Post

Trajectory Smoothing

Error State Incremental Trajectory Model Derivation

Starting with a time-varying non-linear trajectory dynamics

\[\dot{x} = f(t,x,u)\]

Recall the linearization section described in lqr post, the continuous-time error space linear system could be expressed as

\[\begin{aligned} \dot{x} &= A(x-x_l) + B(u-u_l) + f(t,x_l,u_l) \\ (\dot{x} - \dot{x_l}) &= A(x-x_l) + B(u-u_l) + [f(t,x_l,u_l) - \dot{x_l}] \end{aligned}\]

where

\[\begin{aligned} A &= \left.\frac{\partial f}{\partial x}\right \vert_{(x_l,u_l)} \\ B &= \left.\frac{\partial f}{\partial u}\right \vert_{(x_l,u_l)} \\ \end{aligned}\]

to further simplify the notation, define error state as

\[\begin{aligned} \hat{x} &= x - x_l \\ \hat{u} &= u - u_l \\ w &= f(t,x_l,u_l) - \dot{x_l} \end{aligned}\]

then, the continuous-time error space system is

\[\begin{aligned} \dot{\hat{x}} = A\hat{x}+B\hat{u}+w \end{aligned}\]

note that if $(x_l,u_l)$ is generated by system function $\dot{x} = f(t,x,u)$, $w = 0$.

Recall the discretization section described in mpc post, the discrete-time error space linear system could be expressed as

\[\begin{aligned} \hat{x}_{k+1} = A_d\hat{x}_k+B_d\hat{u}_k+w_k \end{aligned}\]

where

\[\begin{aligned} A_d &= e^{At}\\ B_d &= \int_{0}^{t}e^{Av}dvB\\ w_k &= \int_{0}^{t}e^{Av}dvw \end{aligned}\]
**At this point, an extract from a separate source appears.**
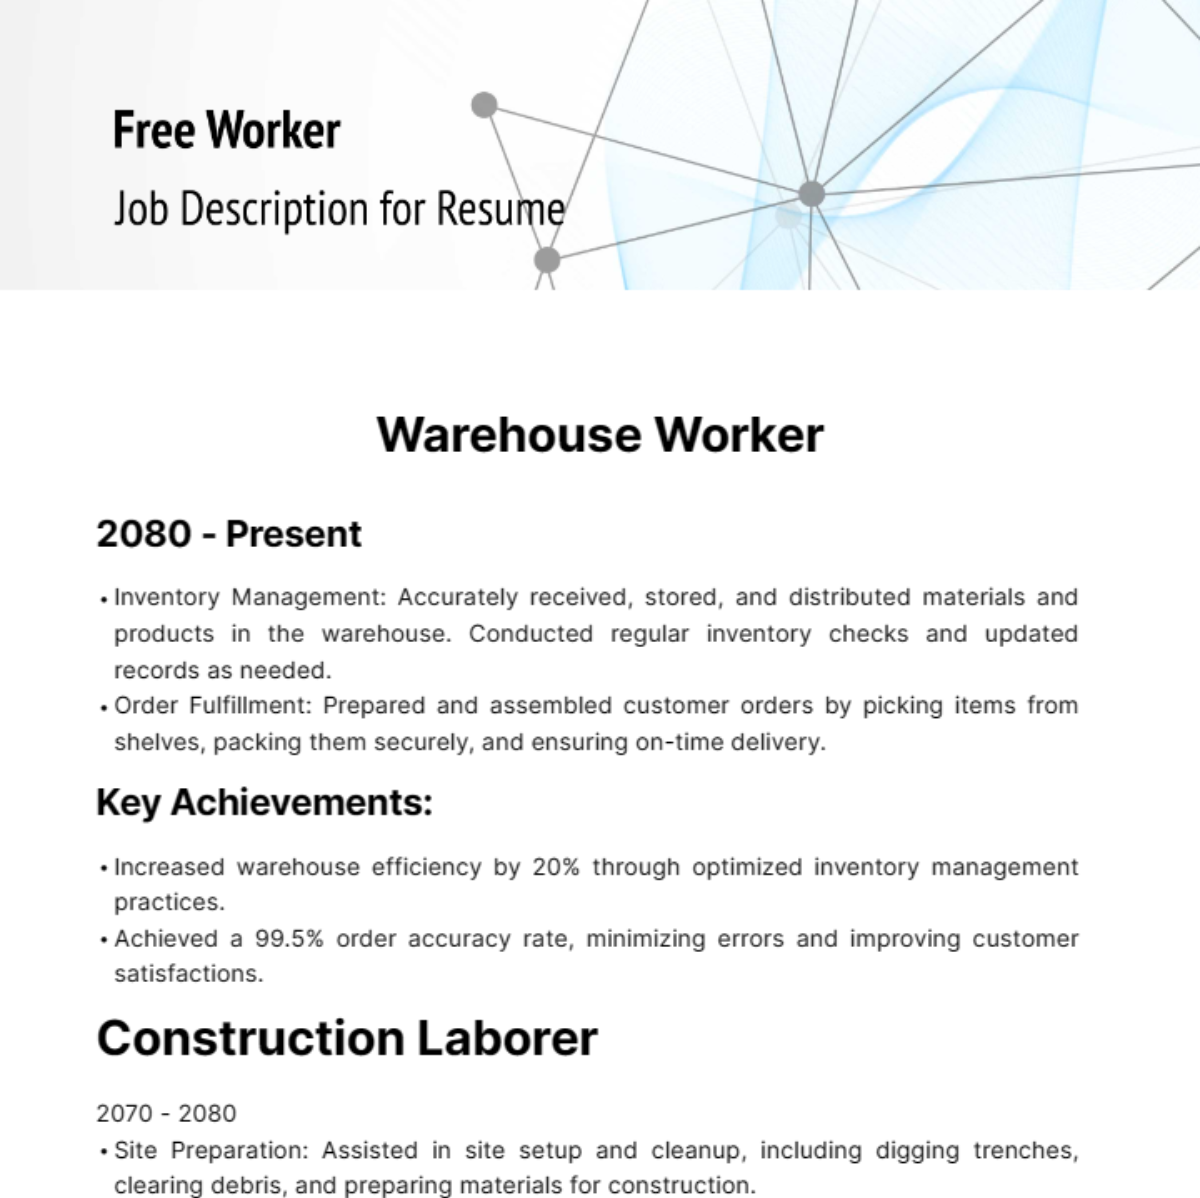 Free Worker Job Description for Resume Template

note that if $A$ is invertible, we have

\[\begin{aligned} \int_{0}^{t}e^{Av}dv = \left. A^{-1}e^{Av} \right \vert_{0}^{t} = A^{-1}(e^{At} - I) \end{aligned}\]
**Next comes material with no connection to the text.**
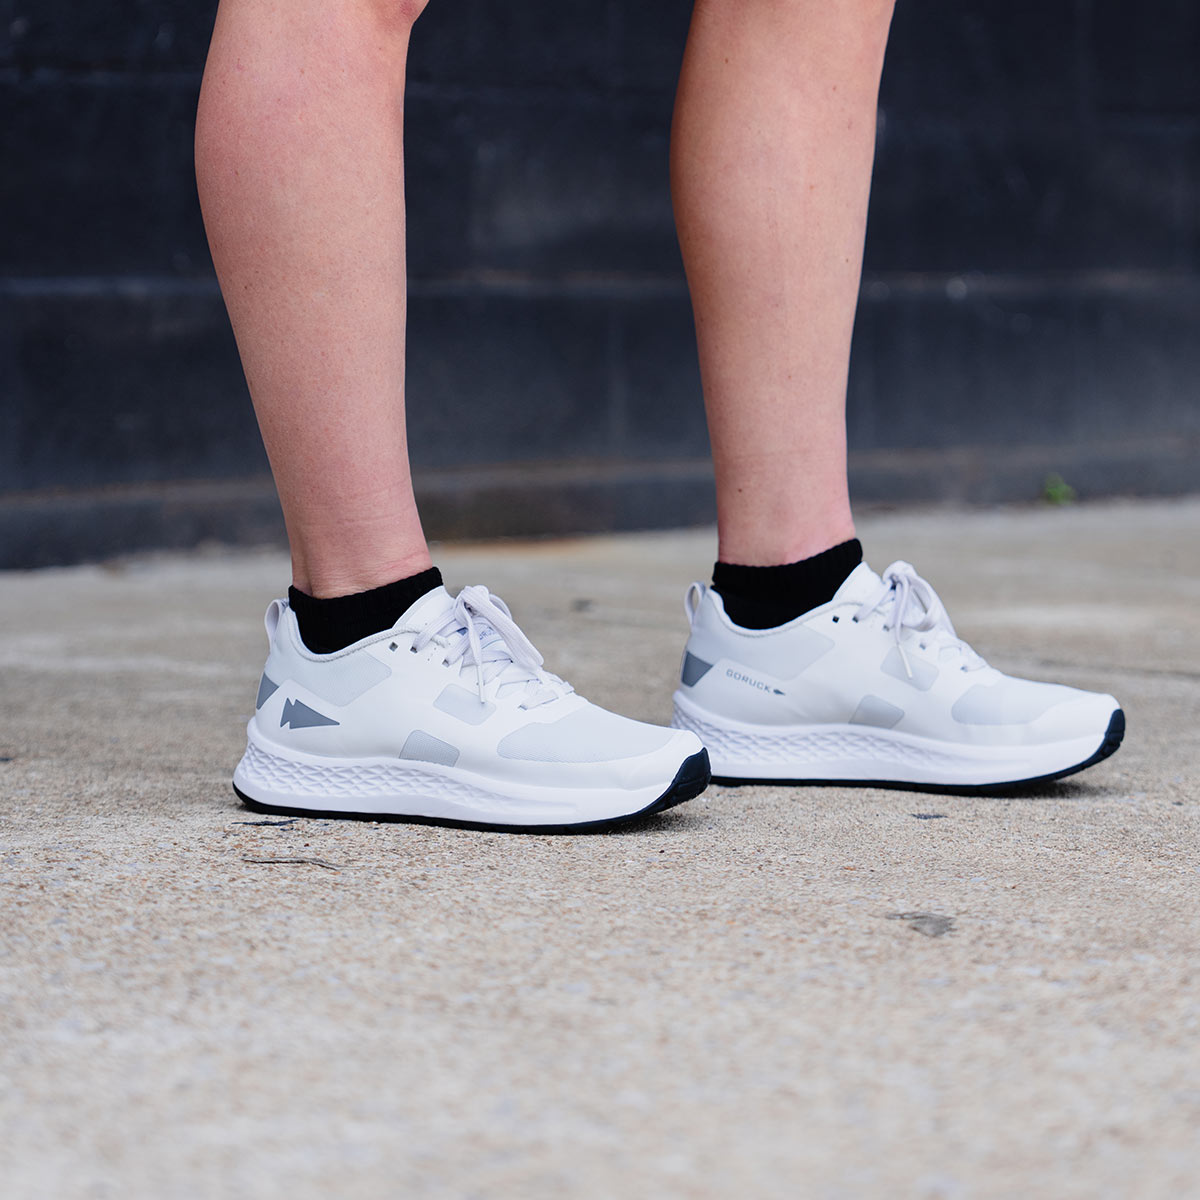 Women's Rough Runners - Light Grey + White

otherwise, $e^{At}$ could be approximated by Taylor expansion

\[\begin{aligned} e^{At} = \sum_{k=0}^{\infty}\frac{1}{k!}(At)^k \end{aligned}\]

this yields

\[\begin{aligned} \int_{0}^{t}e^{Av}dv &= \int_{0}^{t}\sum_{k=0}^{\infty}\frac{1}{k!}(Av)^kdv \\ &= \sum_{k=0}^{\infty}\frac{1}{k!}A^{k}\int_{0}^{t}v^{k}dv \\ &= \sum_{k=0}^{\infty}\frac{1}{k!}A^{k}\left. \frac{v^{k+1}}{k+1}\right \vert_{0}^{t} \\ &= \sum_{k=0}^{\infty}\frac{1}{k+1!}A^{k}t^{k+1} \\ &= \sum_{k=1}^{\infty}\frac{1}{k!}A^{k-1}t^k \\ \end{aligned}\]

It’s convenient to convert this model to incremental model

\[\begin{aligned} \hat{x}_{k+1} &= A_d\hat{x}_k+B_d\hat{u}_k+w_k \\ &= A_d\hat{x}_k + B_d(\hat{u}_{k-1} + \Delta{\hat{u}_k}) + w_k \\ &= A_d\hat{x}_k + B_d\hat{u}_{k-1} + B_d\Delta{\hat{u}_k} + w_k \end{aligned}\]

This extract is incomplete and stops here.